======== Information provided ========

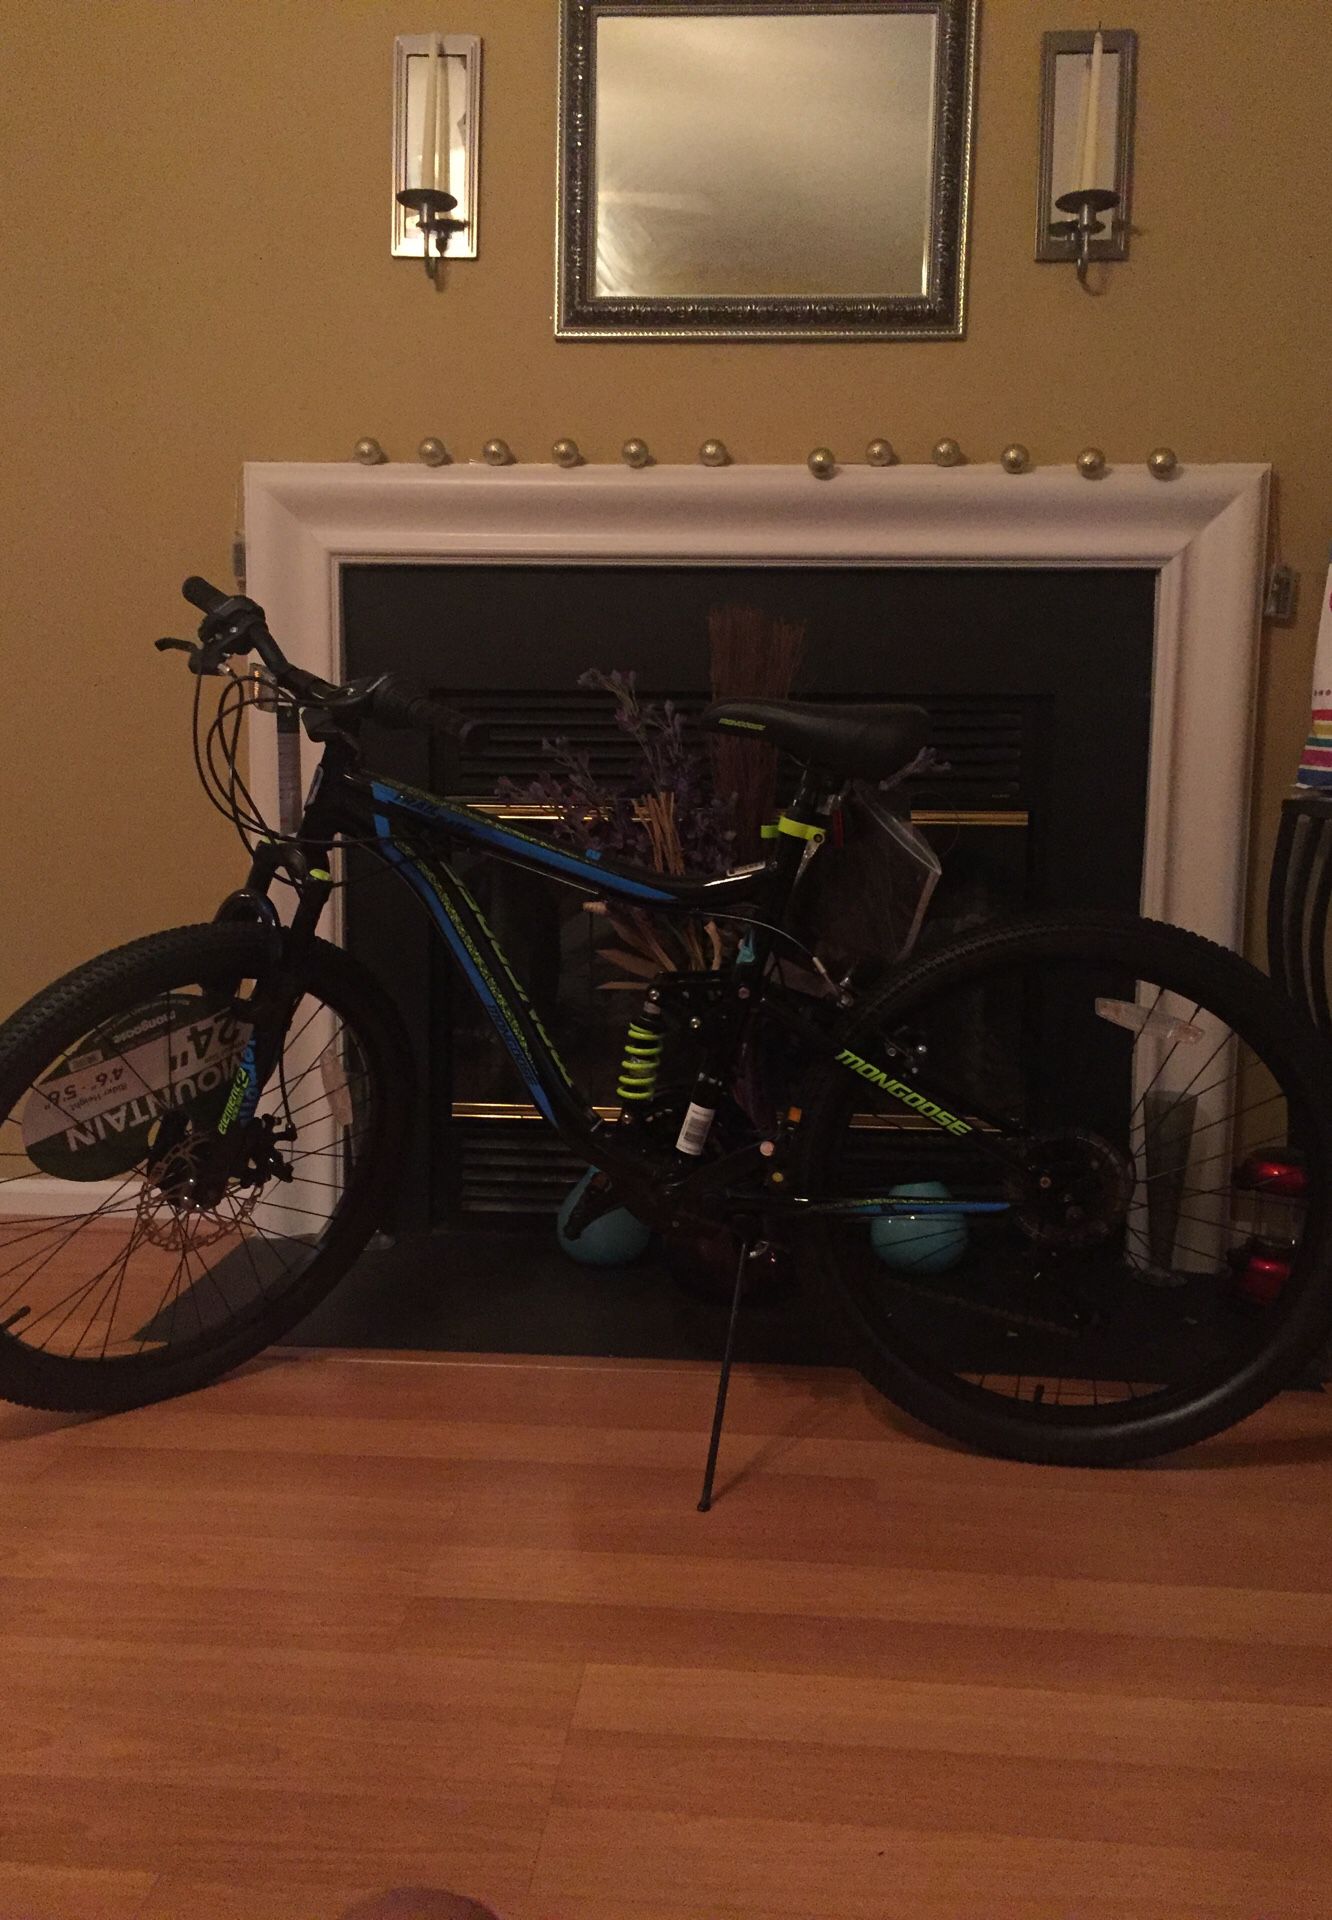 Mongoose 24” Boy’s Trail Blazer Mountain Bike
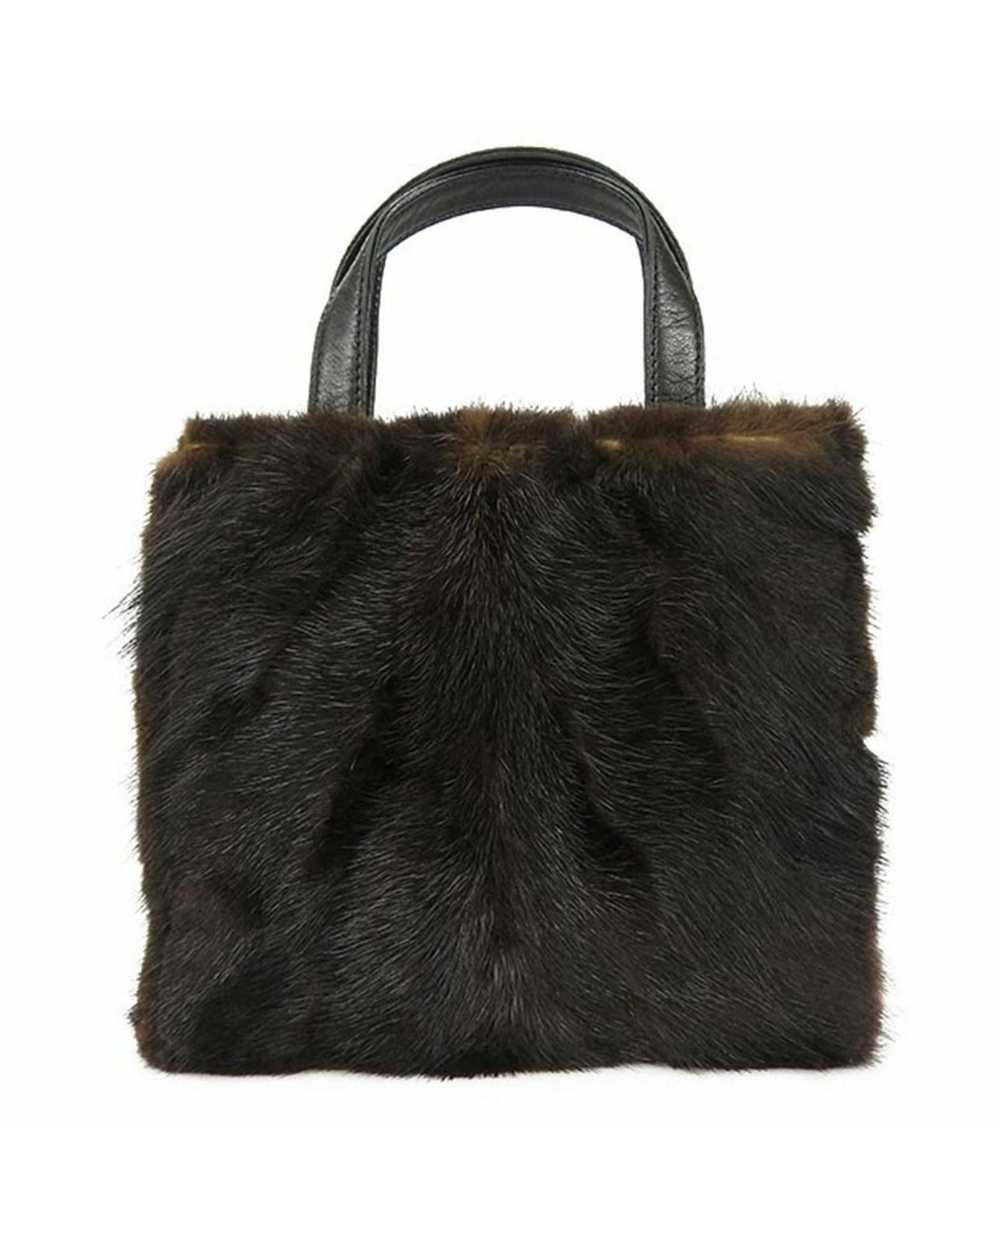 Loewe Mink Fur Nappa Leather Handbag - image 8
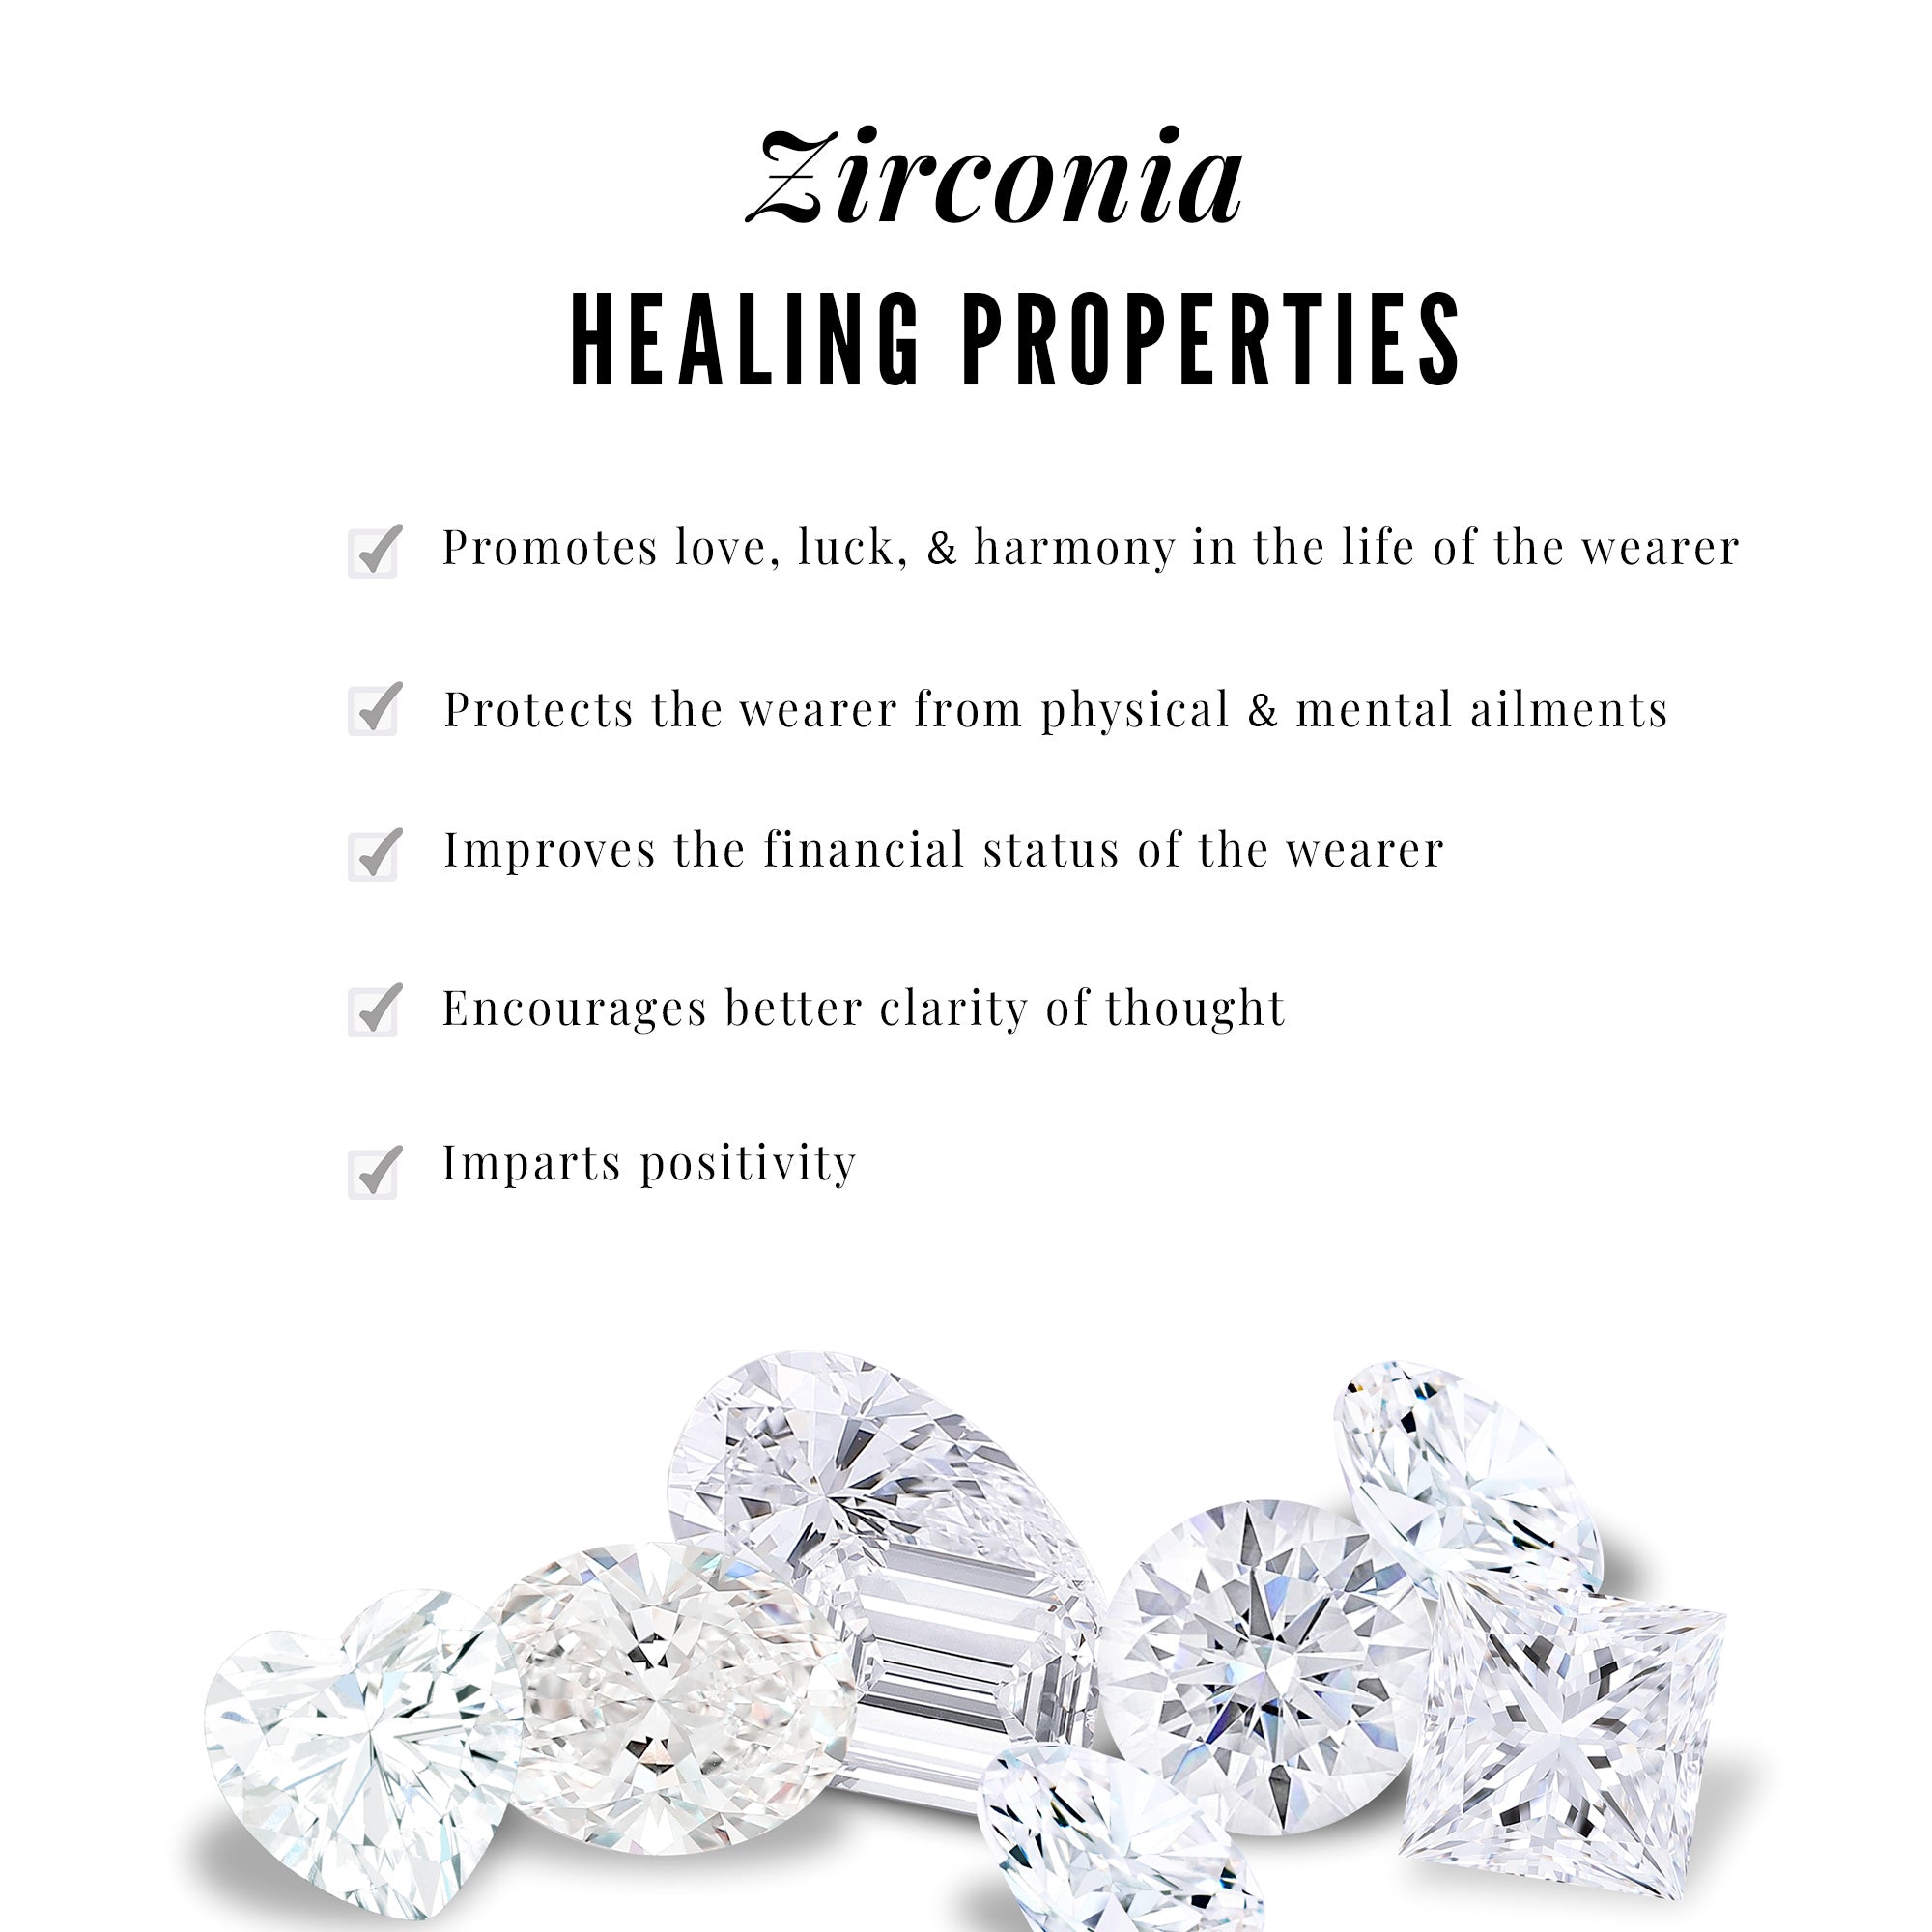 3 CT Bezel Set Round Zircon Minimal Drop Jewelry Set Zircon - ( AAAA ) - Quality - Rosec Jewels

========

Write out again every line above exactly as given; the pictures do not belong in the copy.

 Mongoose 24” Boy’s Trail Blazer Mountain Bike
 Loewe Mink Fur Nappa Leather Handbag - image 8
 3 CT Bezel Set Round Zircon Minimal Drop Jewelry Set Zircon - ( AAAA ) - Quality - Rosec Jewels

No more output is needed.